• Task brief:
No picture should appear in the copy. Transcribe exactly, and only, the lines from the one with "Skin EssentiA |" through the last line of the data below.

• Raw data:
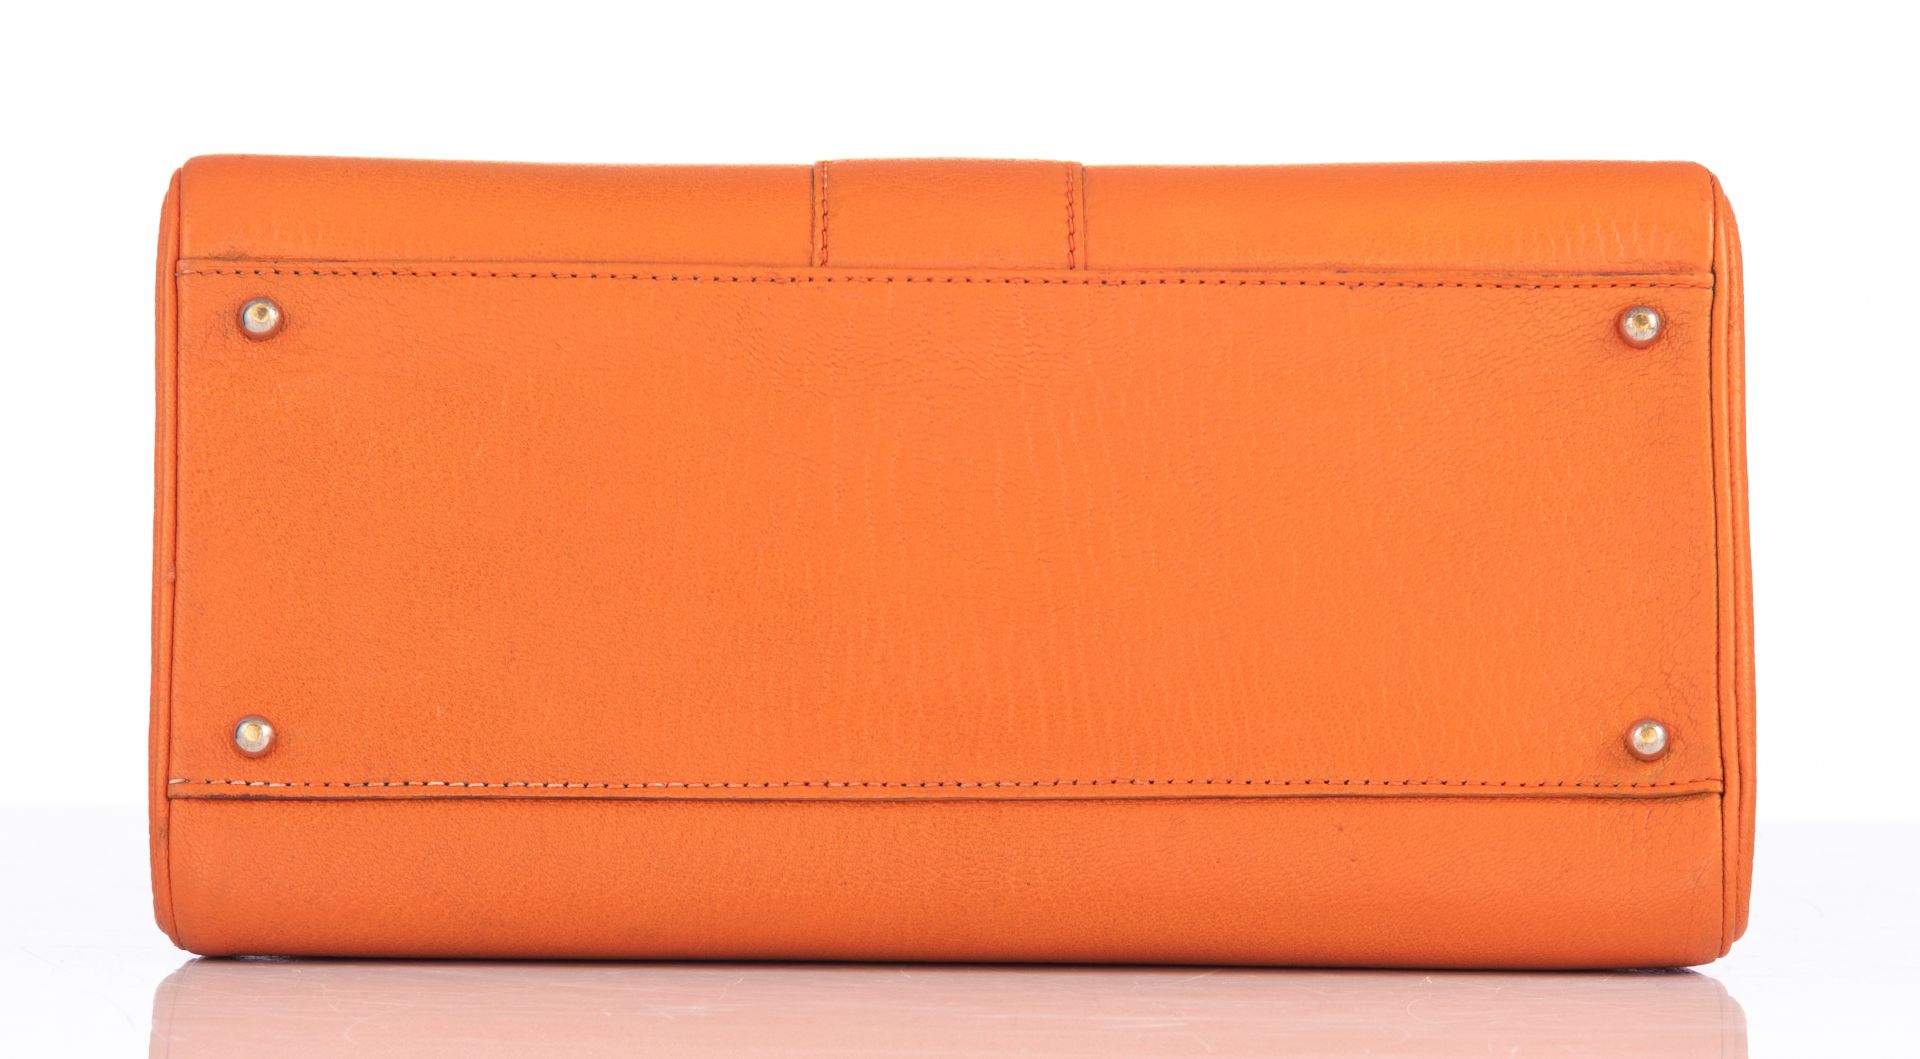 An orange leather Delvaux Brillant MM handbag, H 22 - W 29 cm - D 14,5 cm - Image 7 of 17
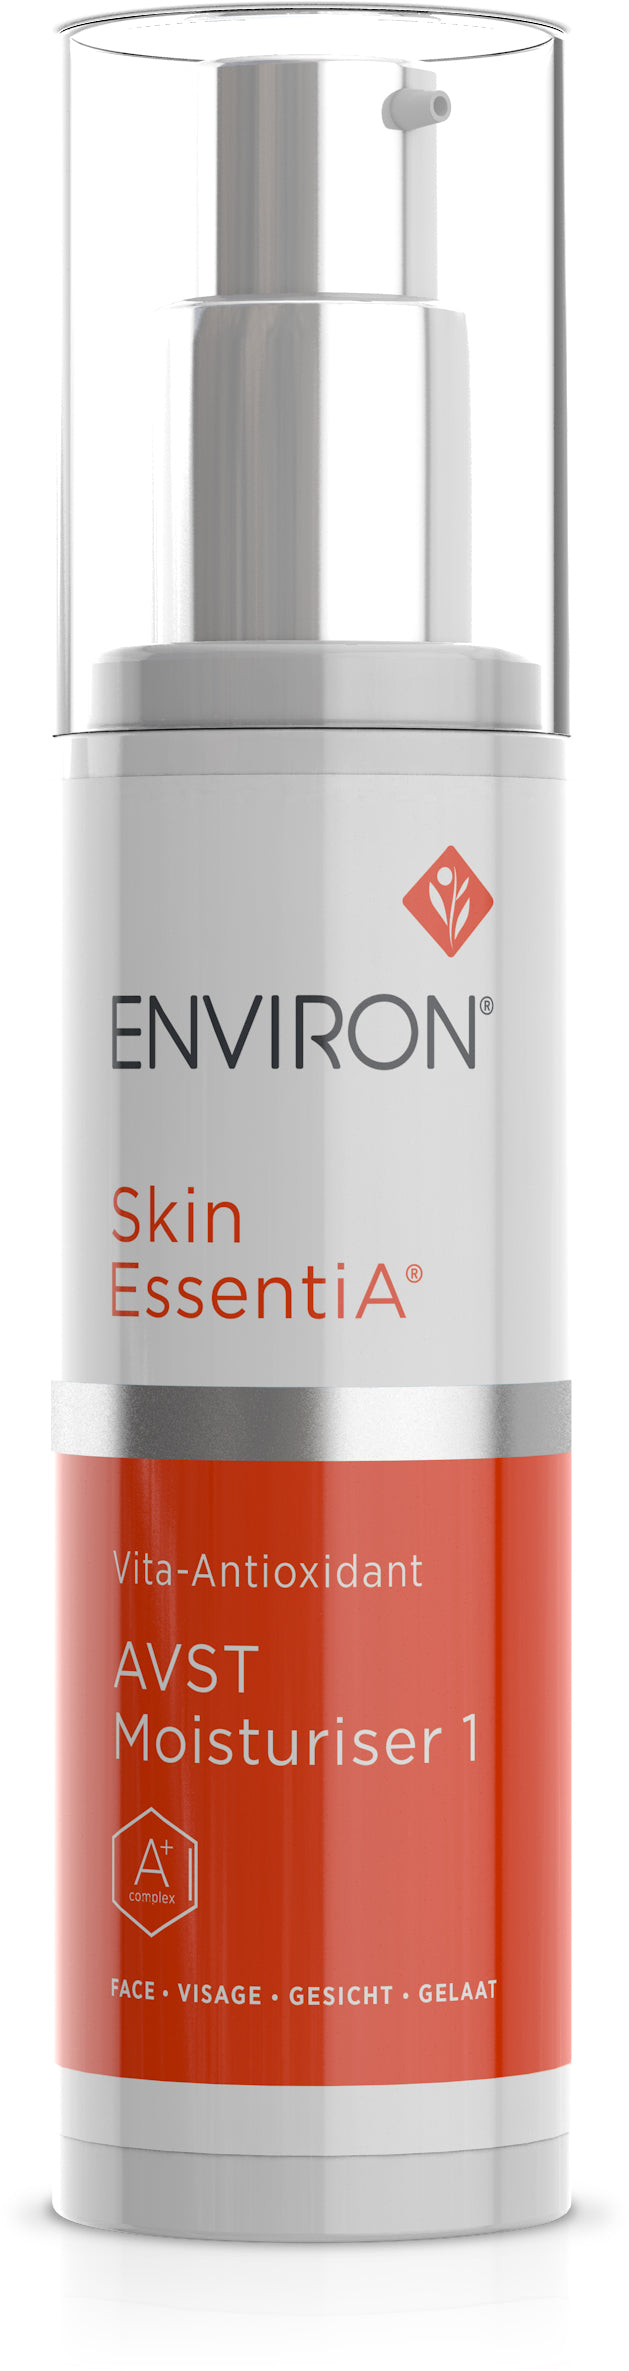 Skin EssentiA | Vita-Antioxidant  | AVST Moisturiser 1
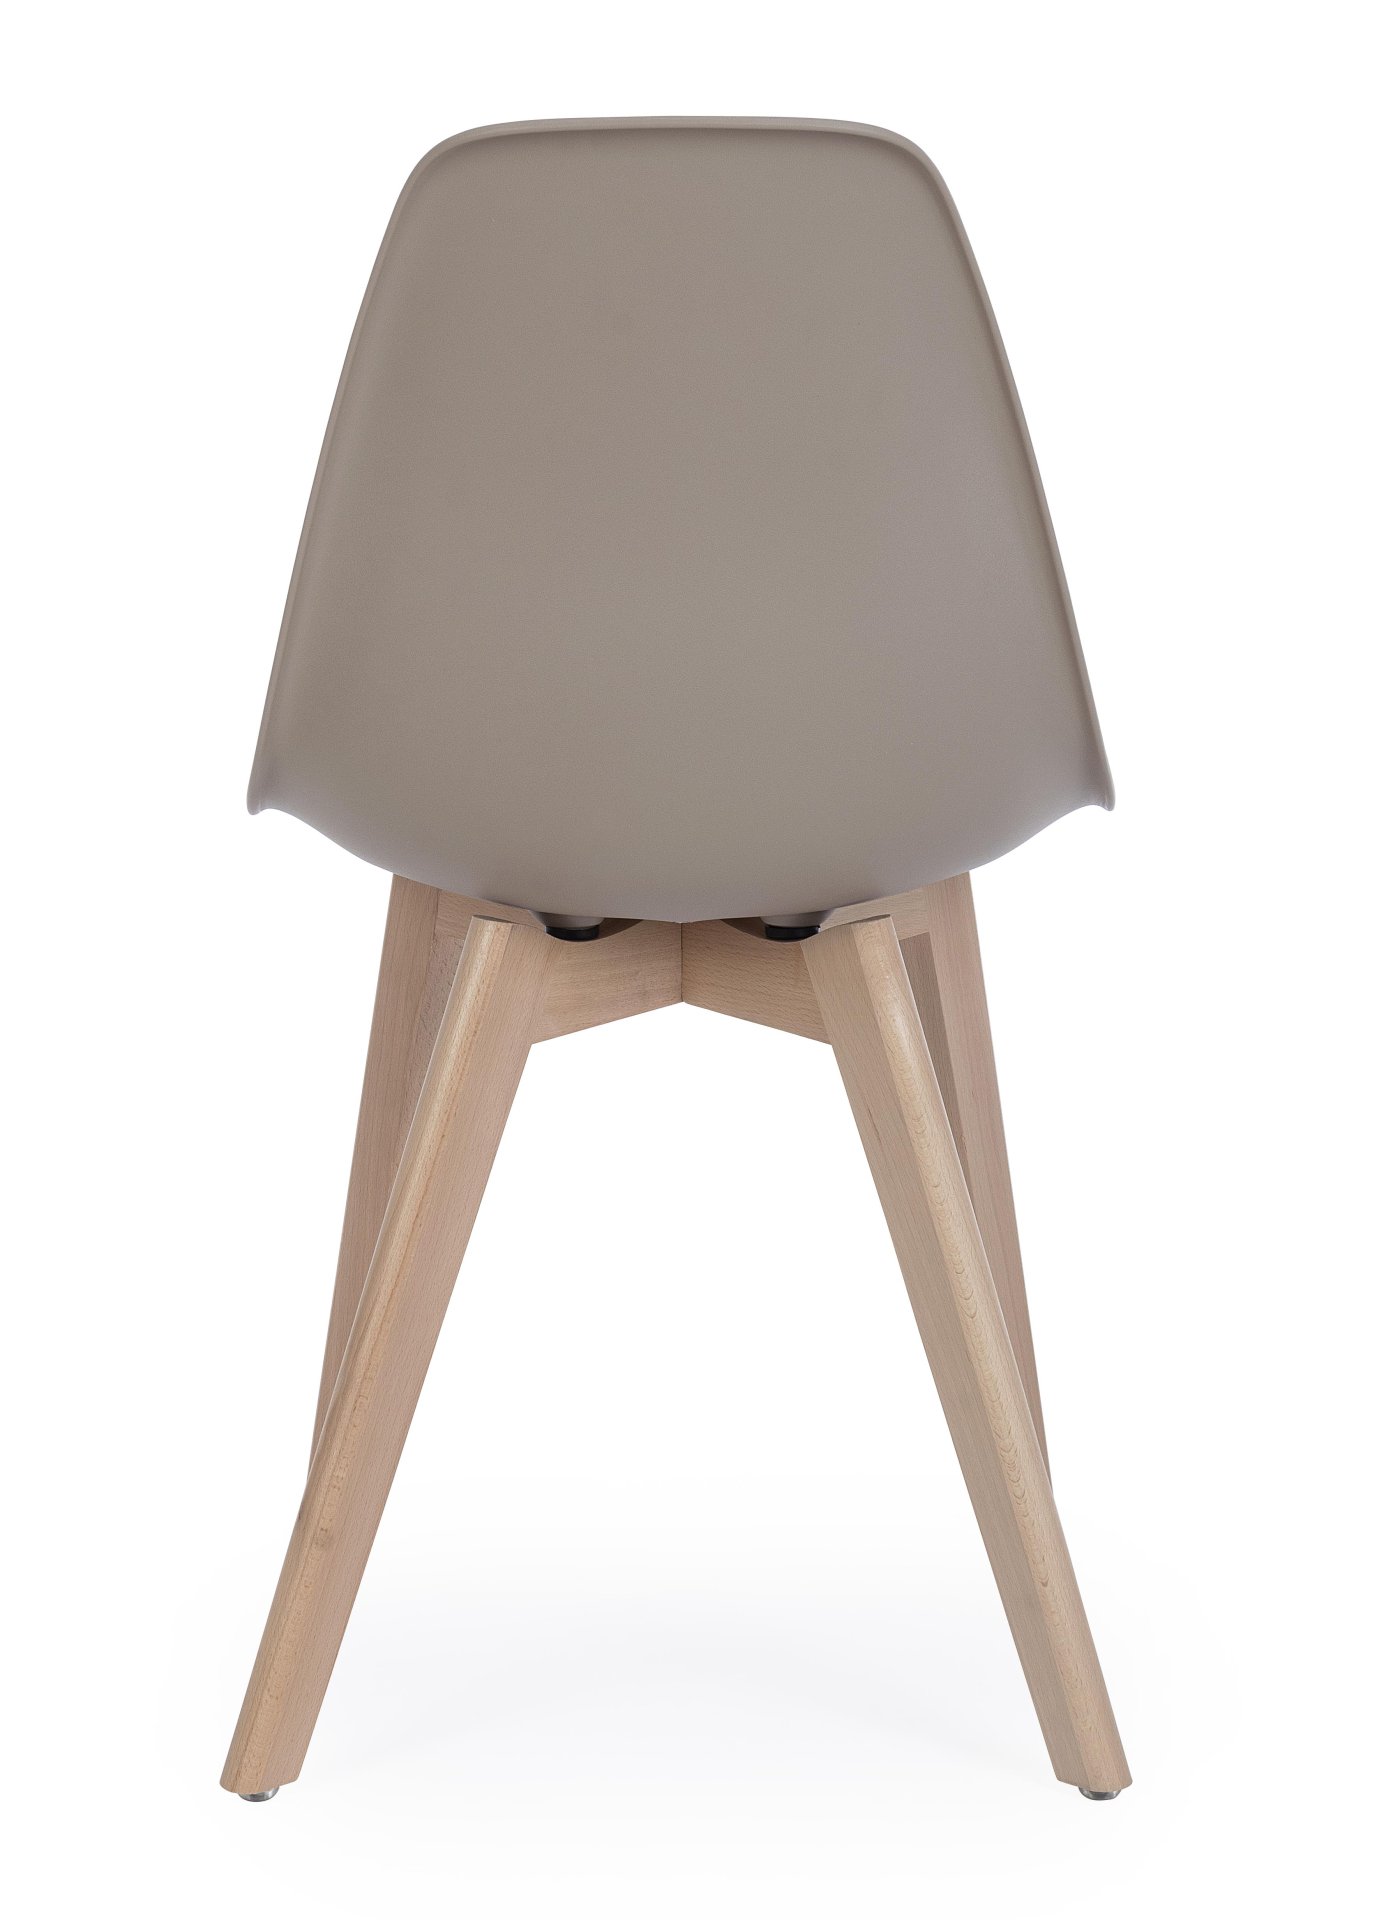 Der Stuhl System überzeugt mit seinem modernem Design. Gefertigt wurde der Stuhl aus Kunststoff, welcher einen Taupe Farbton besitzt. Das Gestell ist aus Buchenholz. Die Sitzhöhe des Stuhls ist 46 cm

• Answer for the task:
 Skin EssentiA | Vita-Antioxidant  | AVST Moisturiser 1
 Der Stuhl System überzeugt mit seinem modernem Design. Gefertigt wurde der Stuhl aus Kunststoff, welcher einen Taupe Farbton besitzt. Das Gestell ist aus Buchenholz. Die Sitzhöhe des Stuhls ist 46 cm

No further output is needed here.